The idleness and depression seem to have sprung up from nowhere - well I suppose it could be a combination of factors that are making me feel so desperate and hopeless lately: watching any chance of that sun-drenched holiday be whittled away by every-increasing building expenses on our legendary "renovators delight", for a start. They have almost finished putting the tin on the roof today; yesterday I signed my life (and bank balance) away to the plumber who is doing all of our pipes and heating - radiators, boilers, thermostats etc; I have been getting quotes this week from window making companies who are making ambit claims because obviously no one has told them WE'RE IN A CRISIS, goddamit! This stress combined with my current work situation which is lonely, frustrating and quite disheartening(I won't go into detail), Mikus not coping very well with kindergarten and Matīss talking non-stop have made me a bit fragile: add two months of NO SUNLIGHT into the mix and I find myself crying whenever I am alone, wallowing in the depths of despair and snot and running mascara.
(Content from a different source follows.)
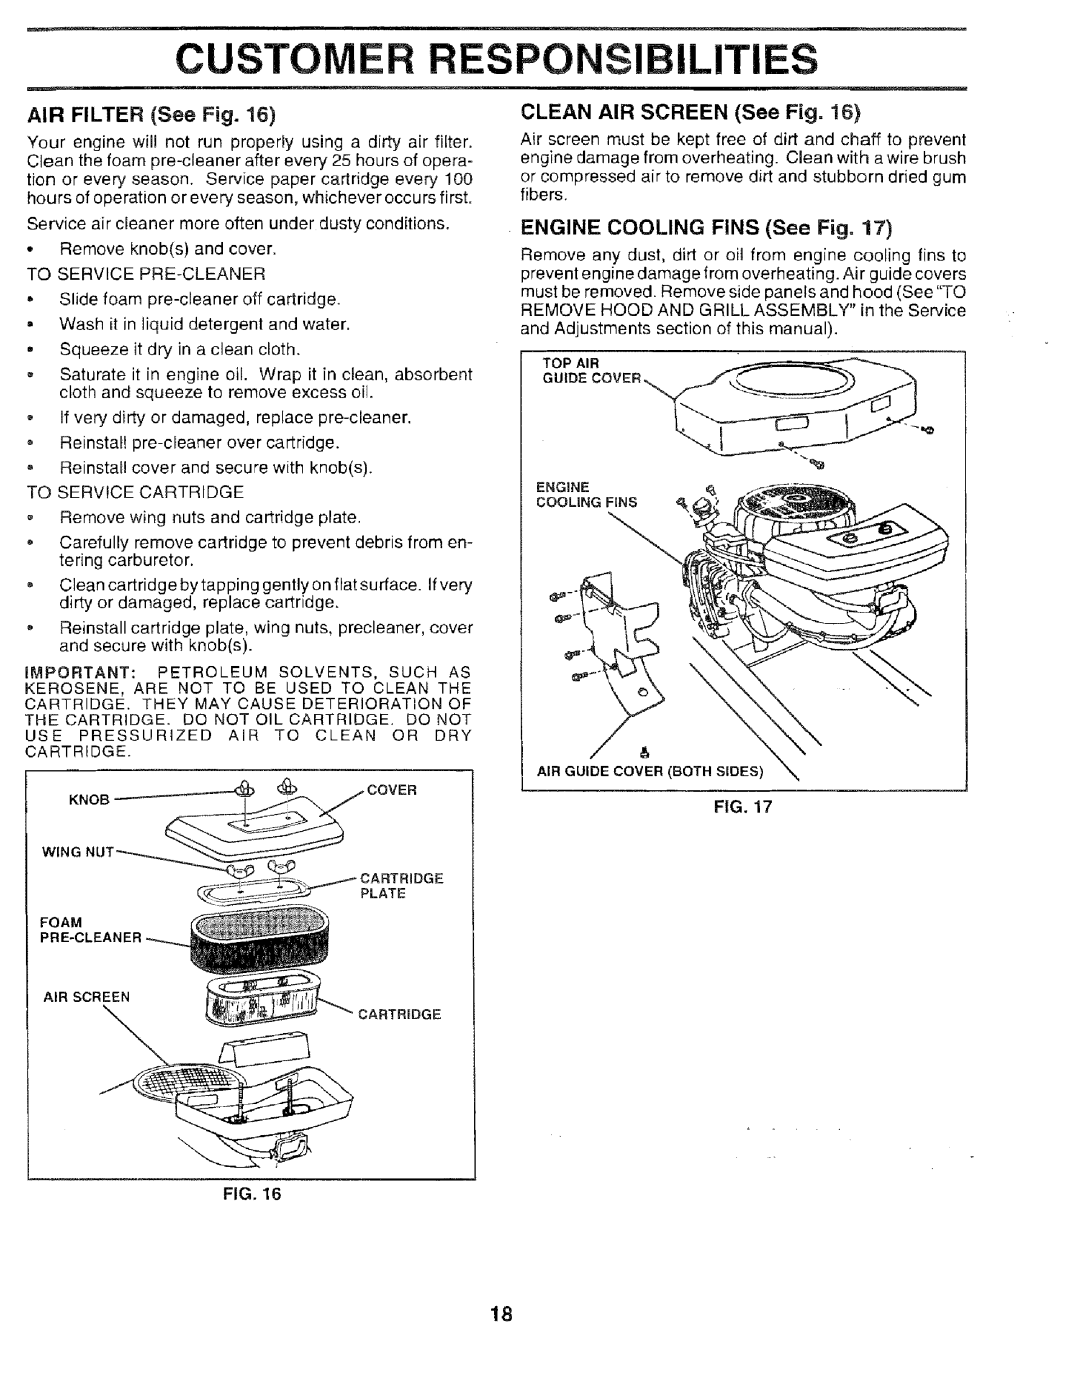 Sears 917.259567 owner manual Ilities, AIR FILTER See Fig, CLEAN AIR SCREEN See Fig, ENGINE COOLING FINS See Fig 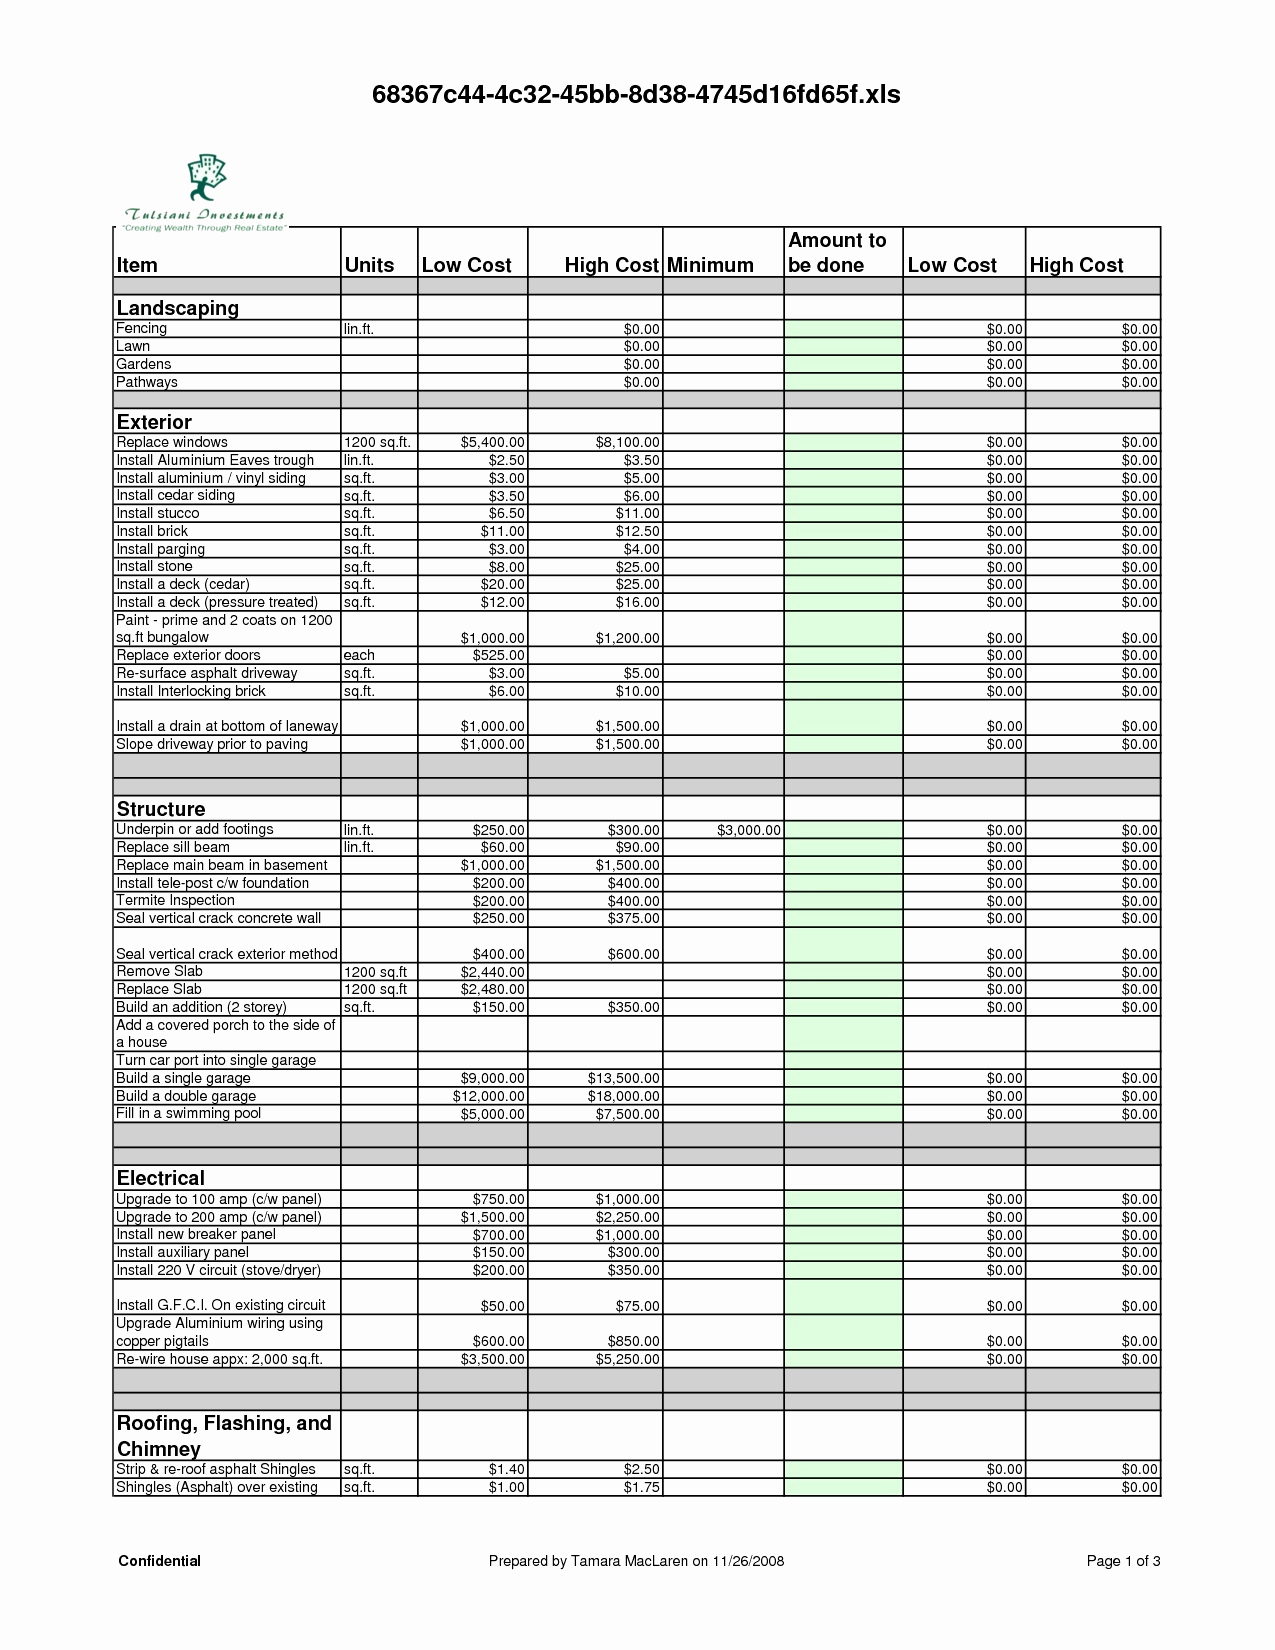 Steel Fabrication Estimating Spreadsheet with Spreadsheet Structural

A few years ago we invested in a "Daylight therapy lamp" - multitudes of megawatts of fluorescent light covered in a toilet-lid shaped piece of white opaque plastic - which, if switched on daily, is meant to dissipate the worst of SADS after a few weeks. Its worked for me before, needless to say I've had it cranked up recently and am hoping the effects kick in soon. Who knows, it may already be working, because I actually have the energy and motivation to write something today, and the effort to care what you, dear internet, would have to say about the matter.